Recorded data:
——
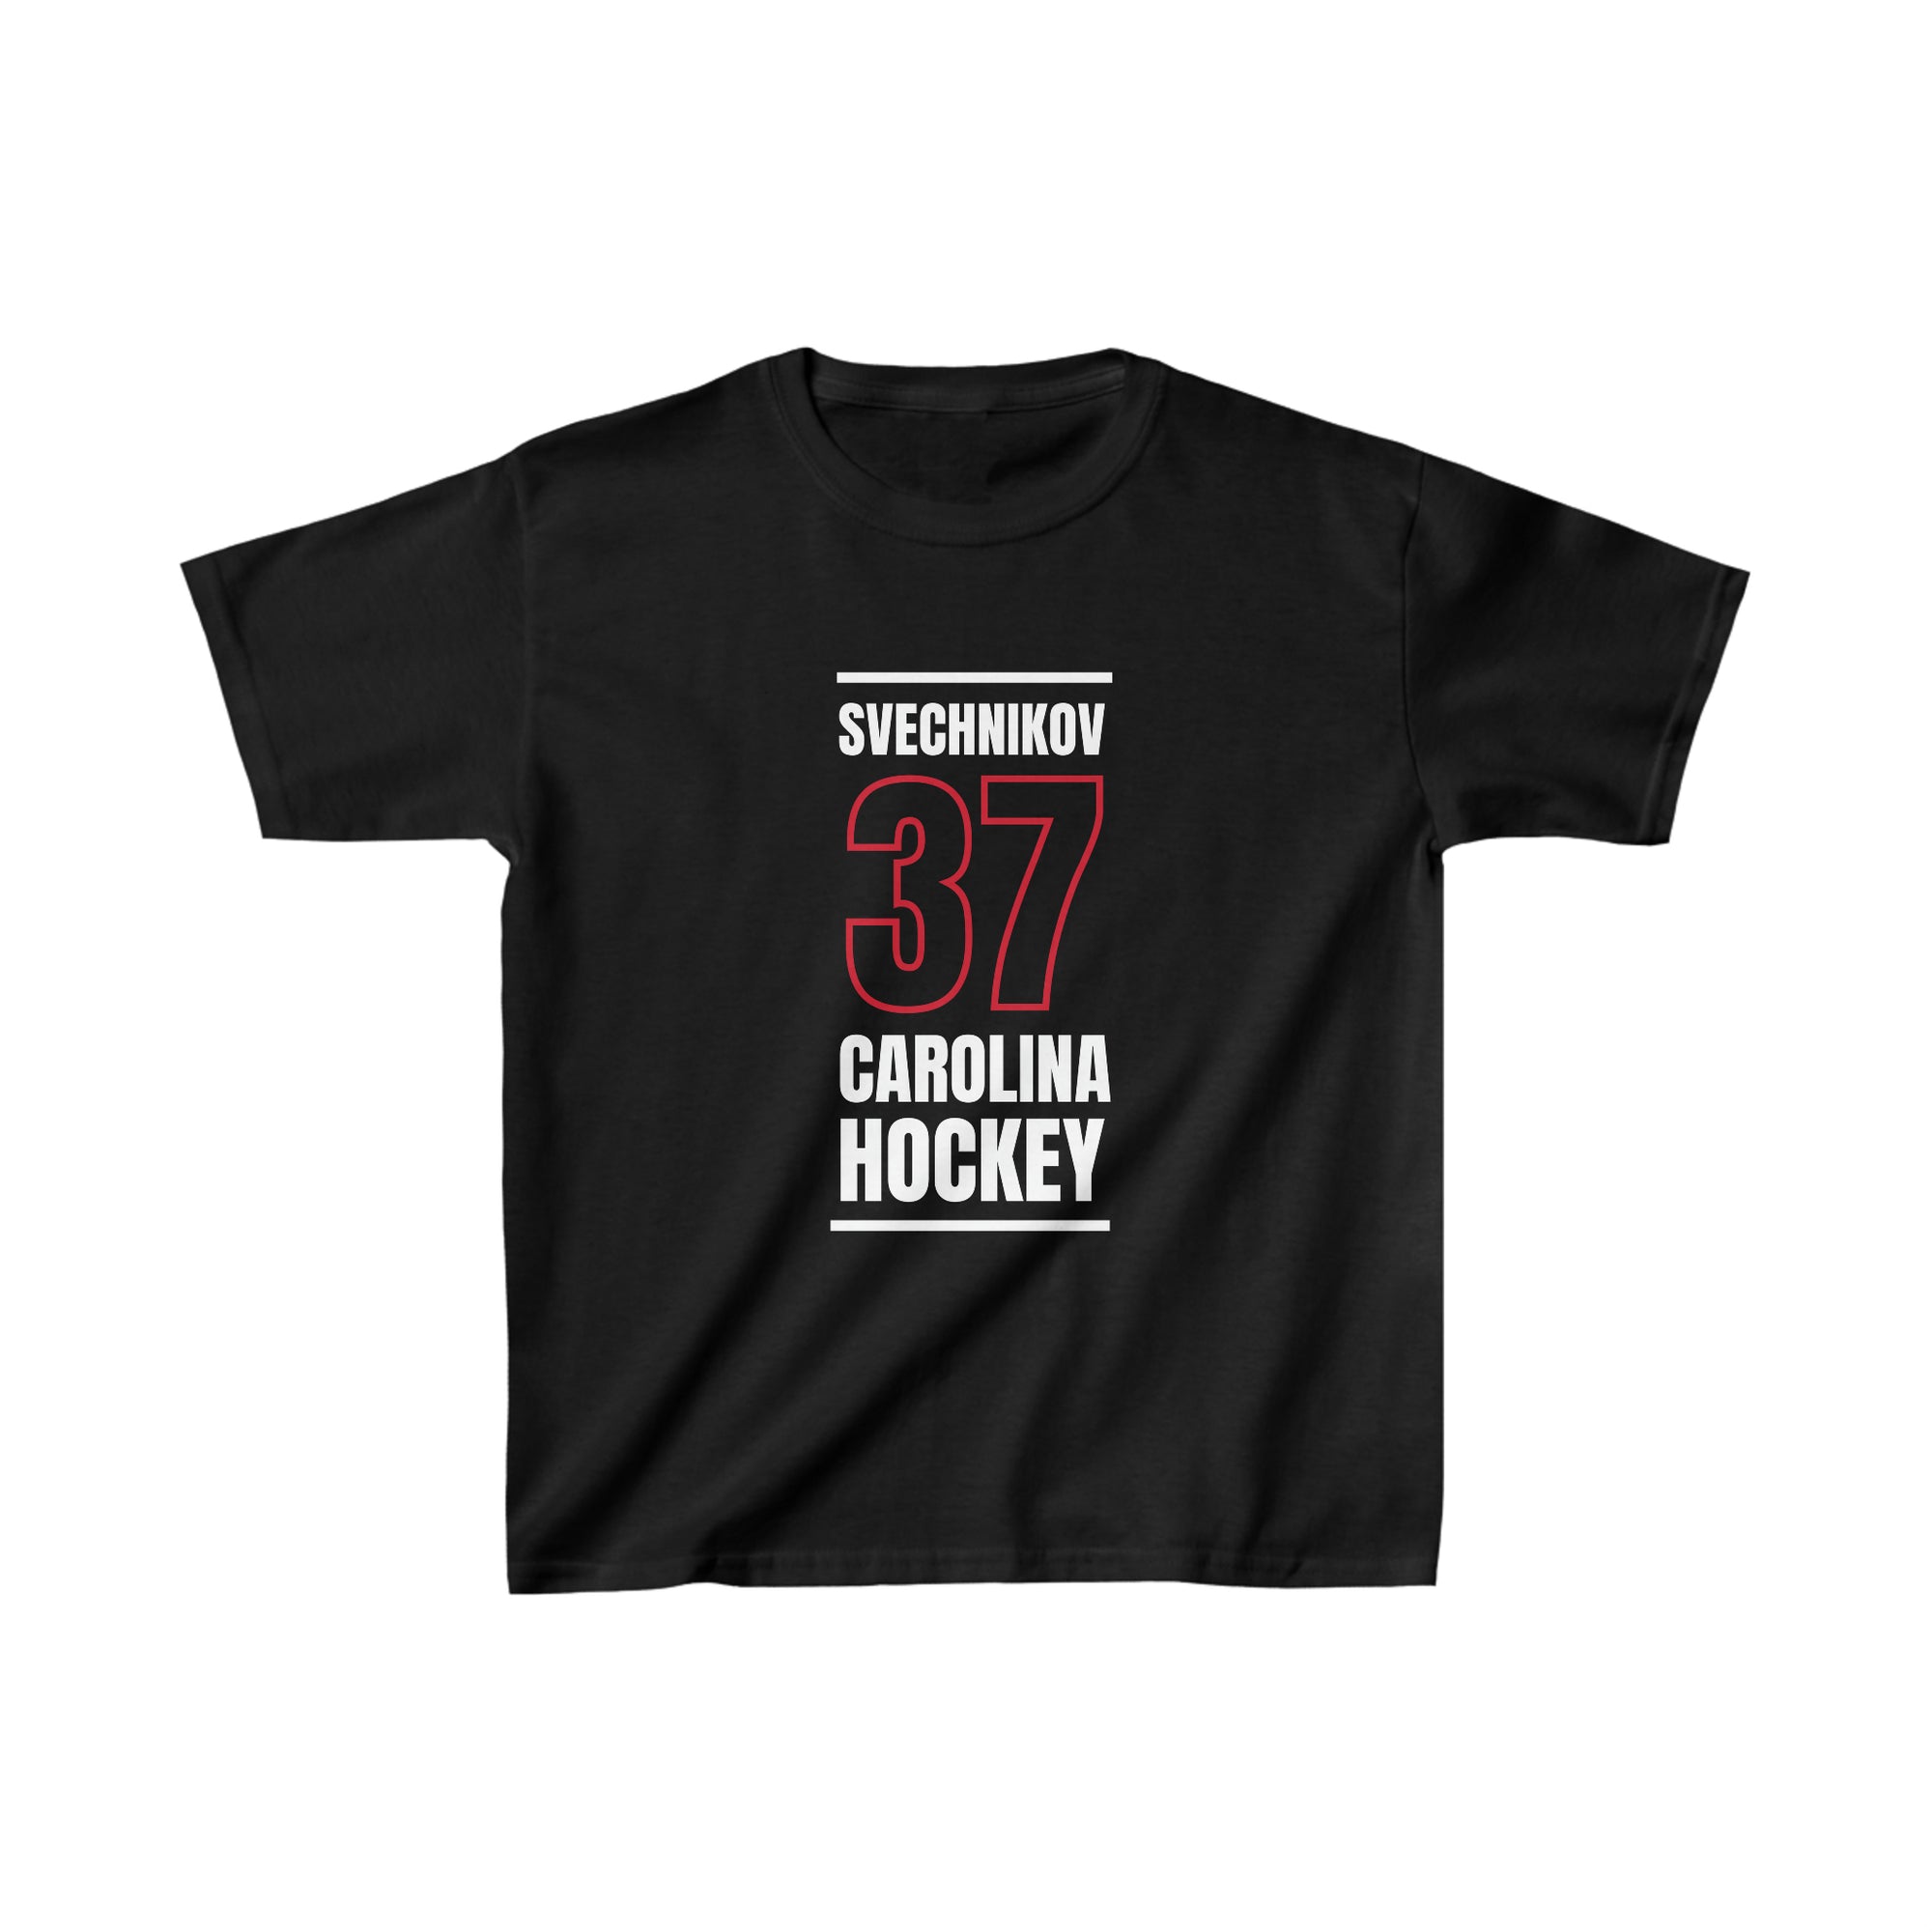 Svechnikov 37 Carolina Hockey Black Vertical Design Kids Tee
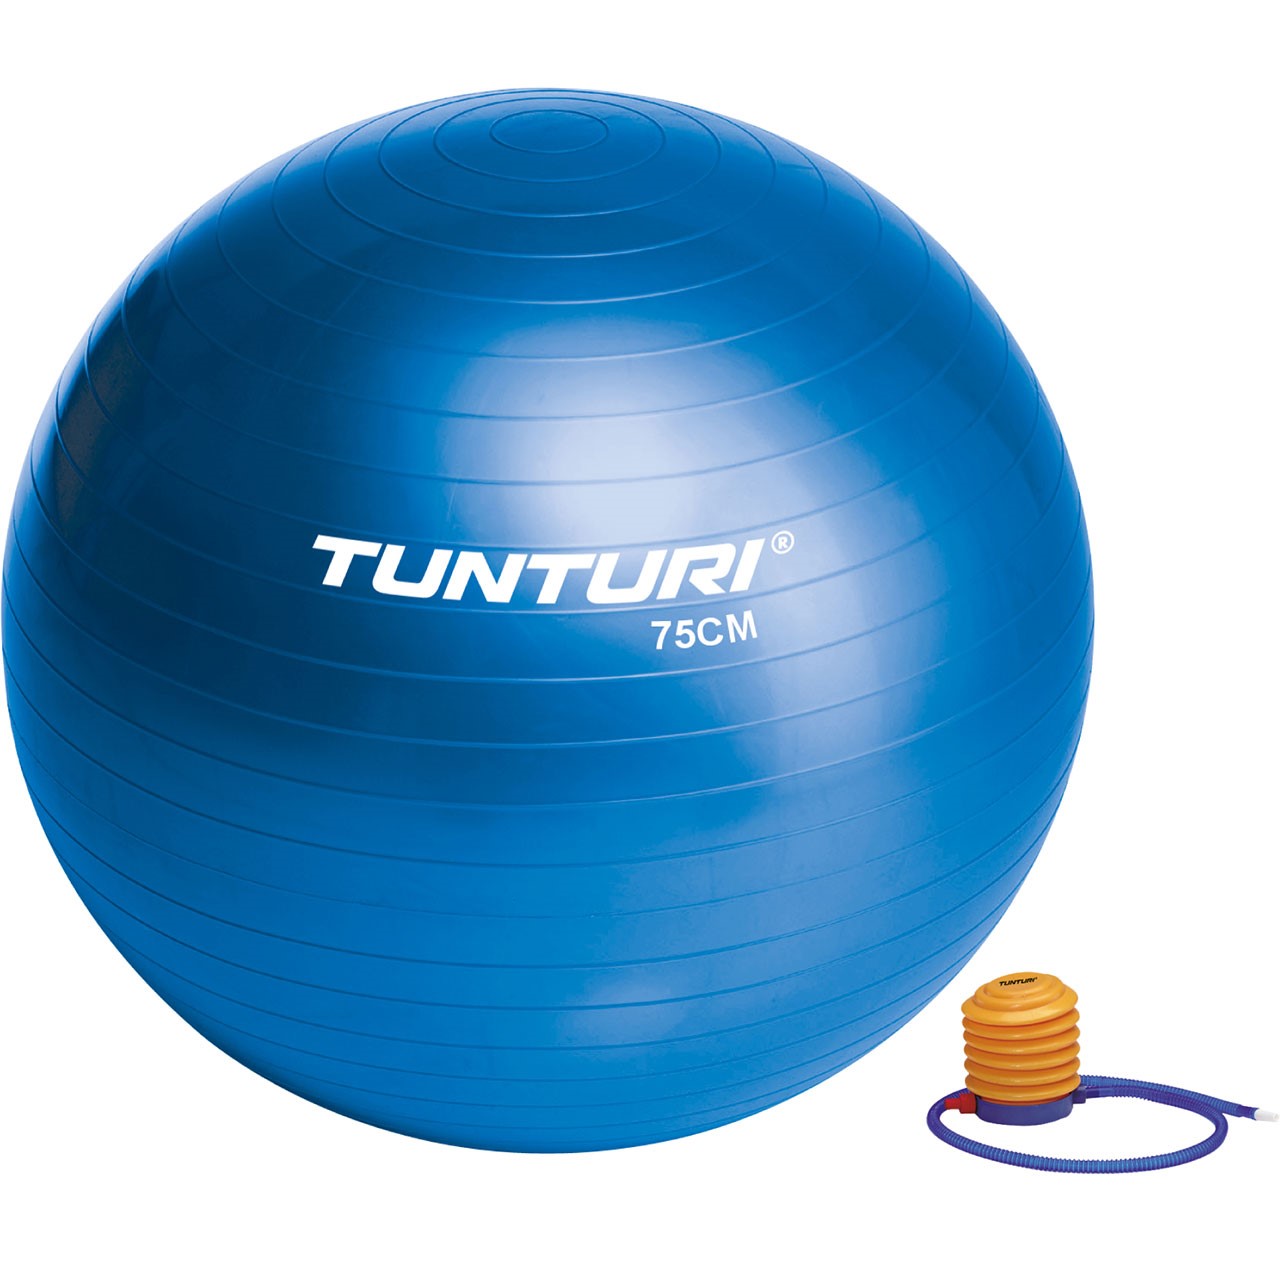 Tunturi Gym Ball - Gymnastikball Sitzball 75 cm
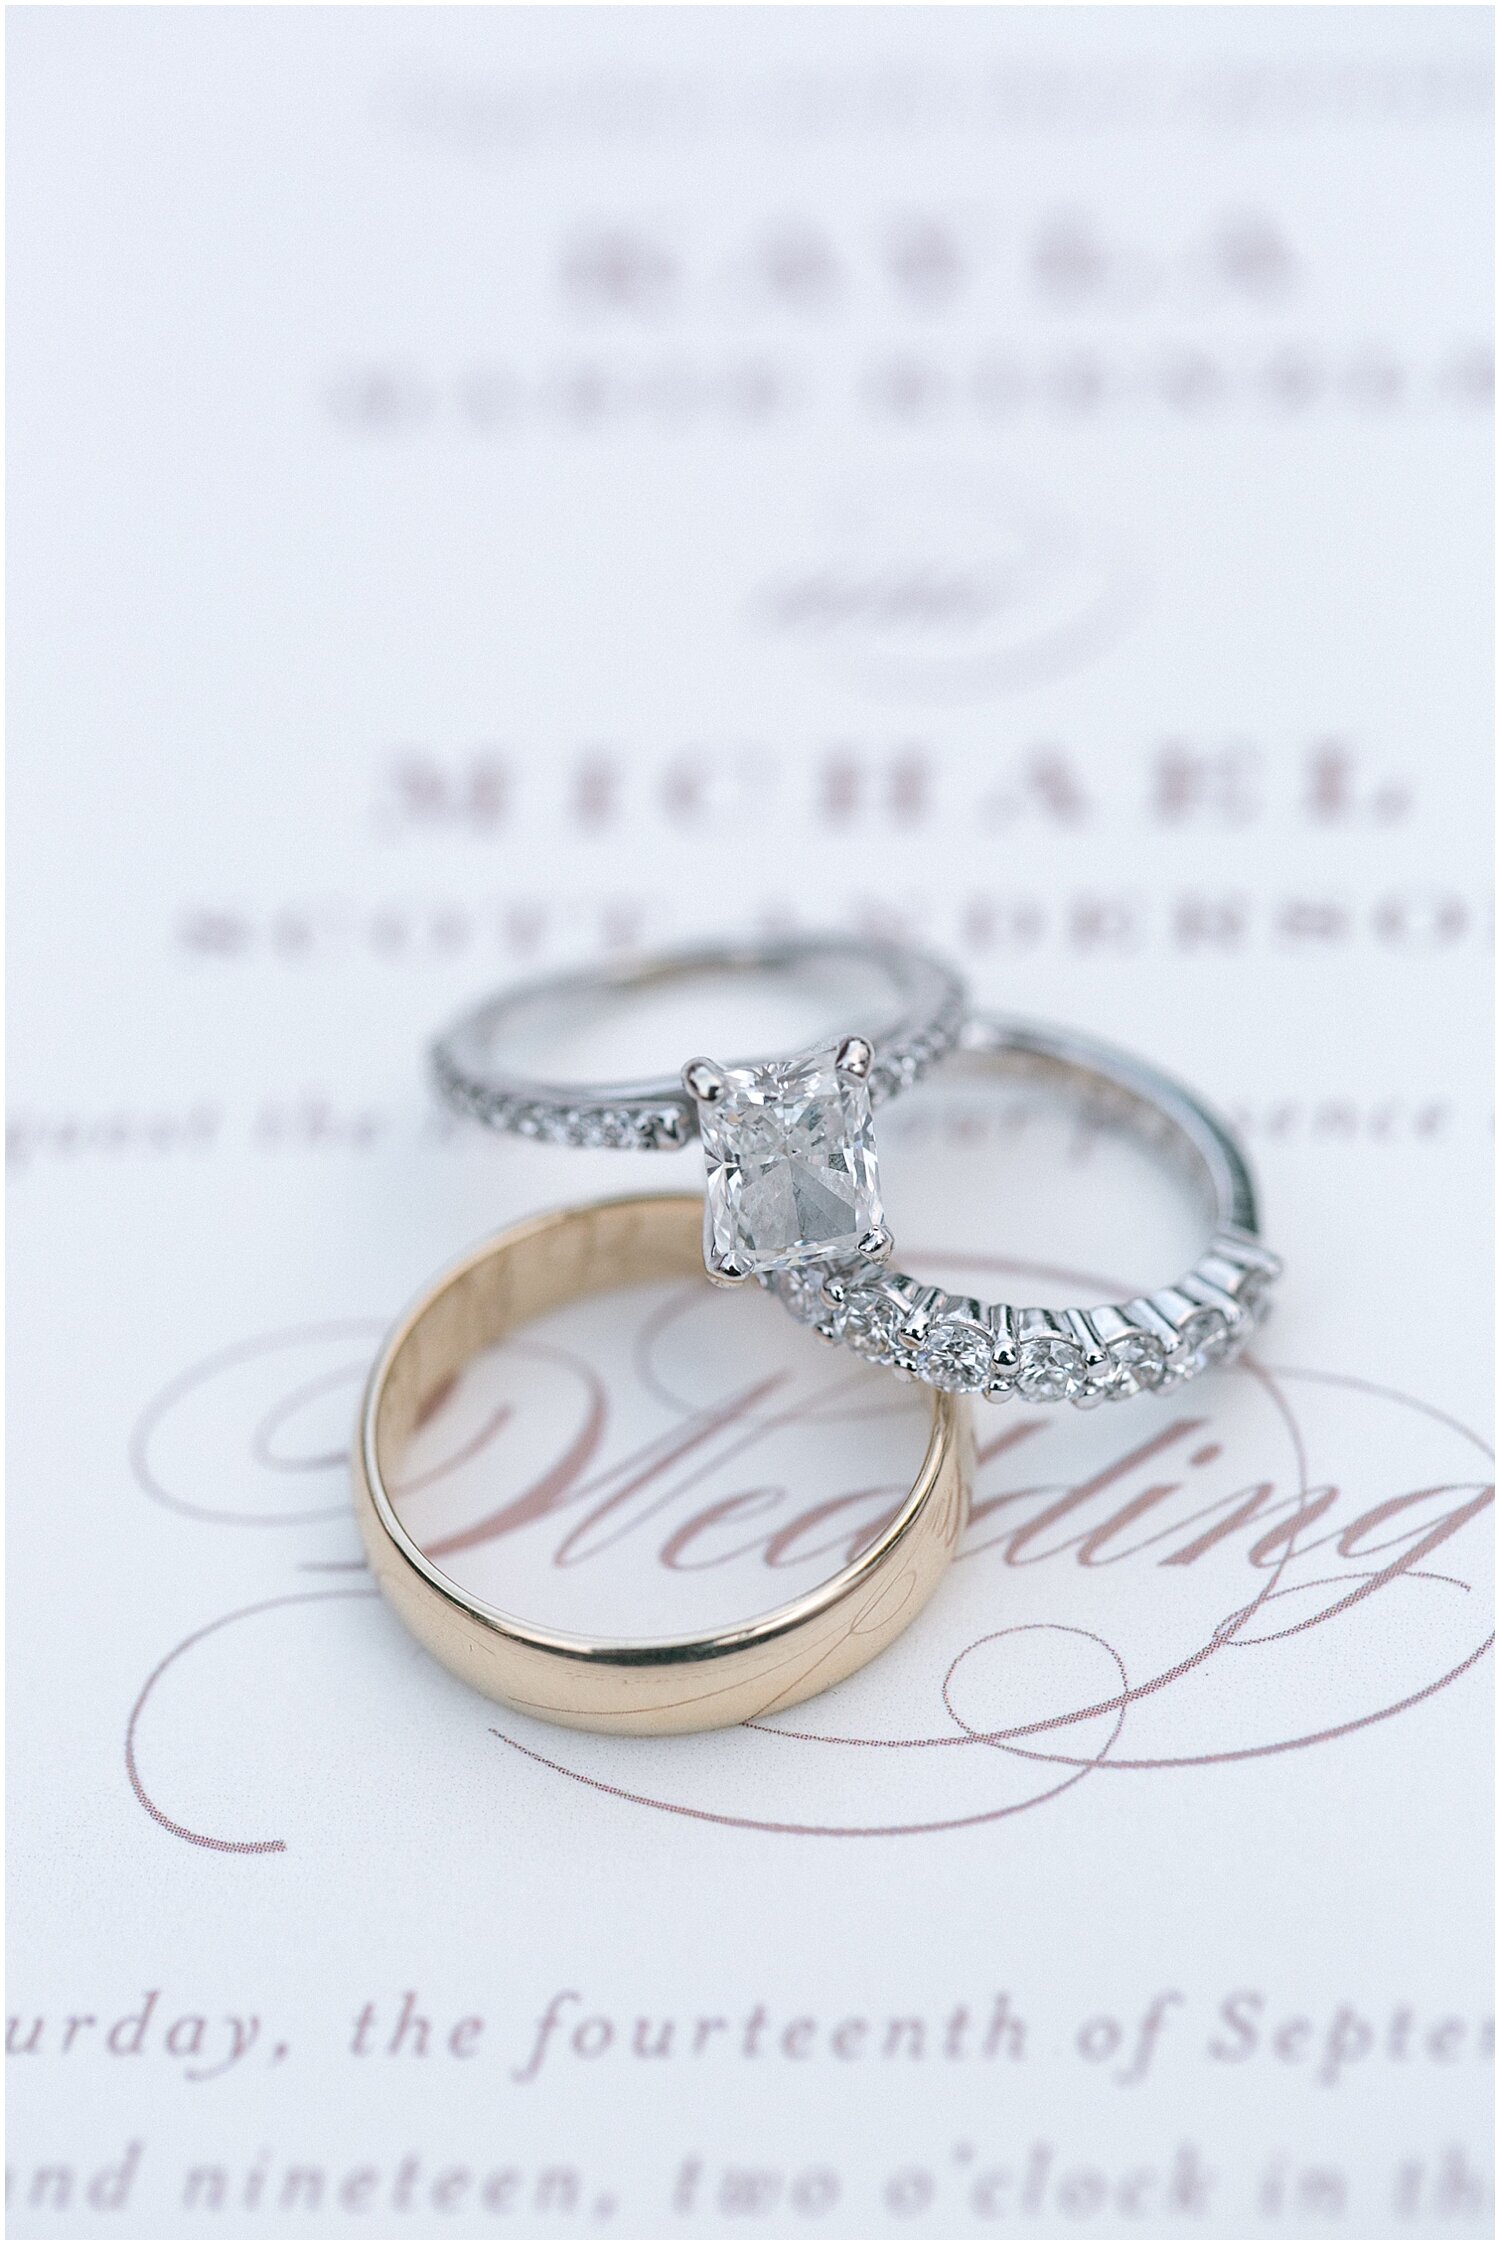  wedding rings and wedding invitation
——
Required work:
Before you return the listing, strip out its pictures; all else must match exactly.

Answer box:
 Svechnikov 37 Carolina Hockey Black Vertical Design Kids Tee
 Tunturi Gym Ball - Gymnastikball Sitzball 75 cm
  wedding rings and wedding invitation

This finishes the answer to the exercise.